A robust and stable phenolic resin-crosslinked graphene aerogel for efficient solar-driven steam-power co-generation

Abstract

The emerging solar steam generation (SSG) technology offers a promising strategy for producing fresh water from the solar-driven evaporation of seawater. Meanwhile, excess heat during the operation of SSG systems can be further used to generate electricity, realizing the co-generation of water and electricity. From the materials perspective, graphene oxide (GO) has demonstrated significant potential in SSG applications for its broad light absorption, excellent hydrophilicity, and high structural tunability. However, state-of-the-art GO-based SSG materials suffer from a series of technical issues including low mechanical performance, low evaporation efficiency, poor stability, etc.

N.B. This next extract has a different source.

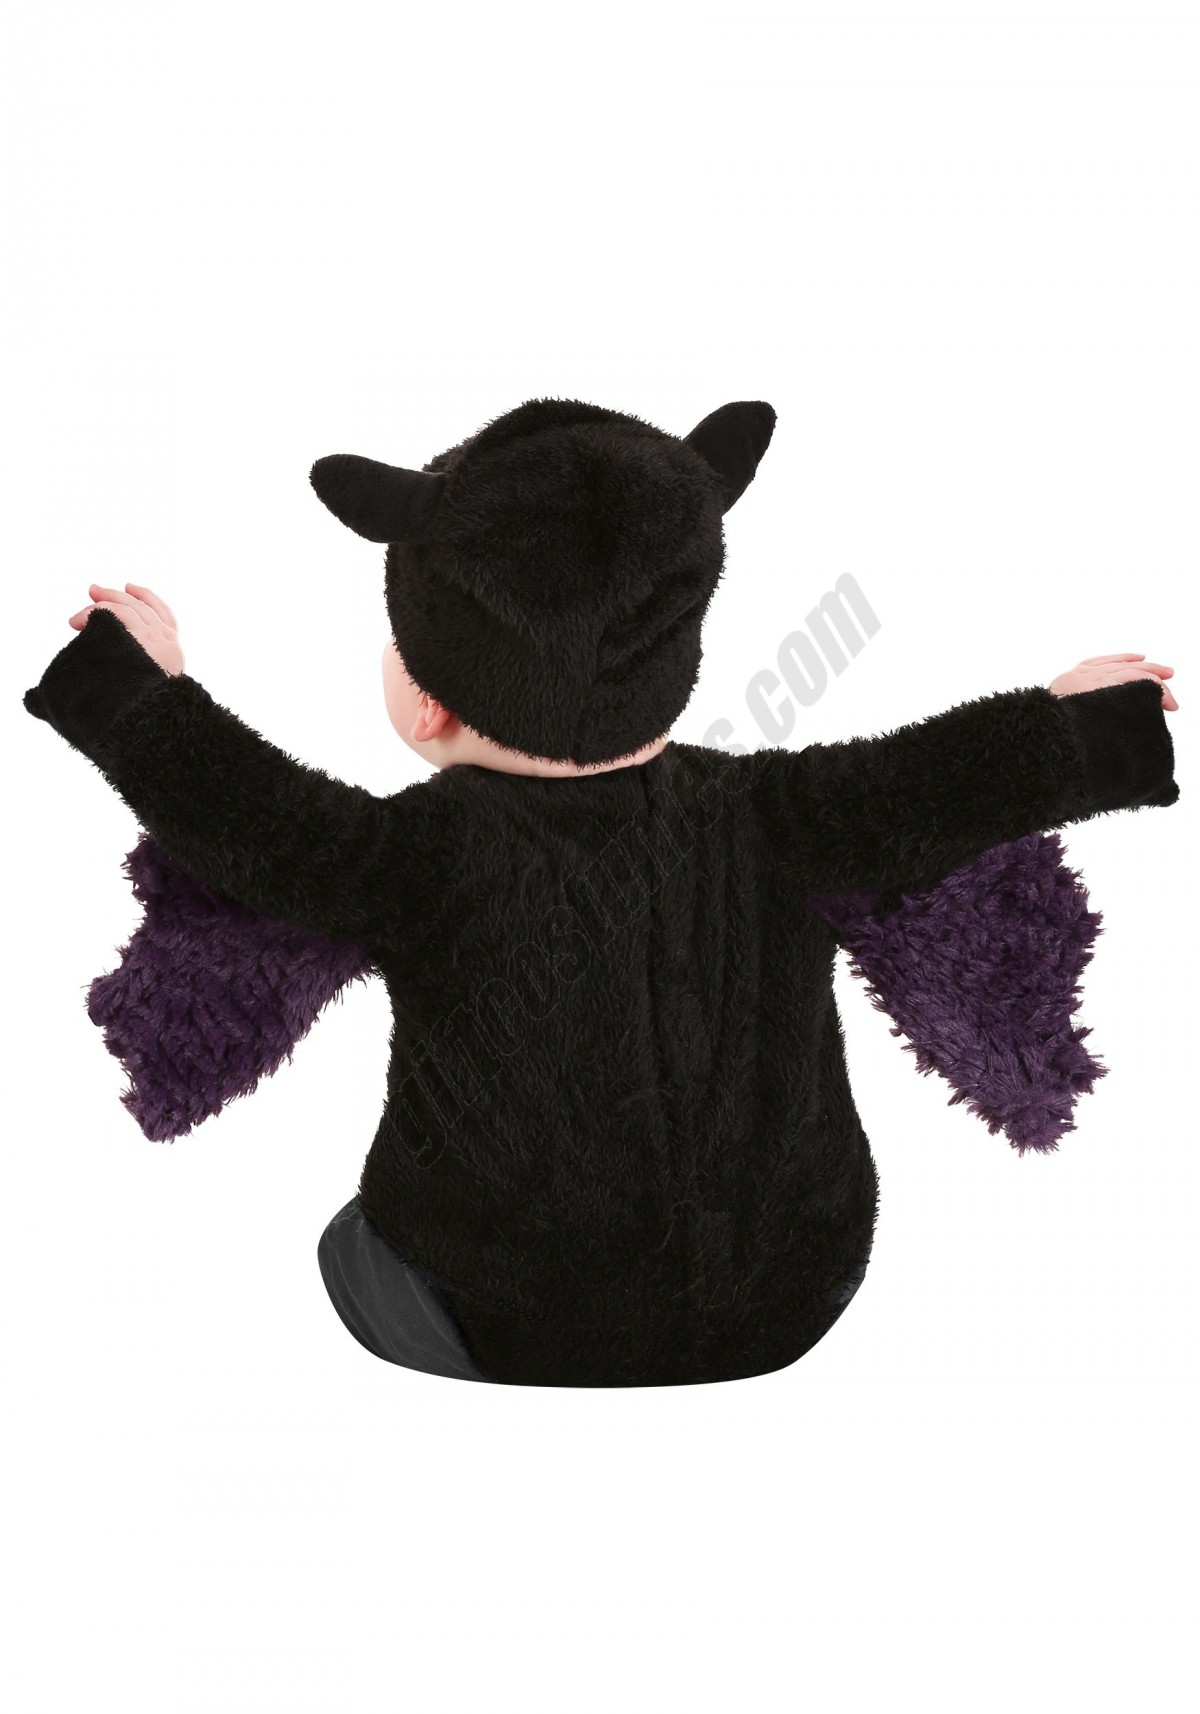 Blaine the Bat Infant Costume Promotions - -1

In this study, a three-dimensional porous GO-based aerogel is assembled by using phenolic resin (PR) as the crosslinking agent; thereafter, a robust and stable reduced graphene oxide/phenolic resin (rGO/PR) aerogel is developed, which features efficient solar absorption and water transport properties, along with excellent elasticity and corrosion resistance. Moreover, the aerogel simultaneously achieves a high water evaporation rate of 2.64 kg m⁻² h⁻¹ and an exceptional electricity generation density of 0.987 W m⁻² under one sun irradiation, surpassing the performance of most graphene-based materials. The efficient co-generation capability together with the outstanding stability of the aerogel offers a transformative solution for solar-powered water treatment and synergistic energy conversion.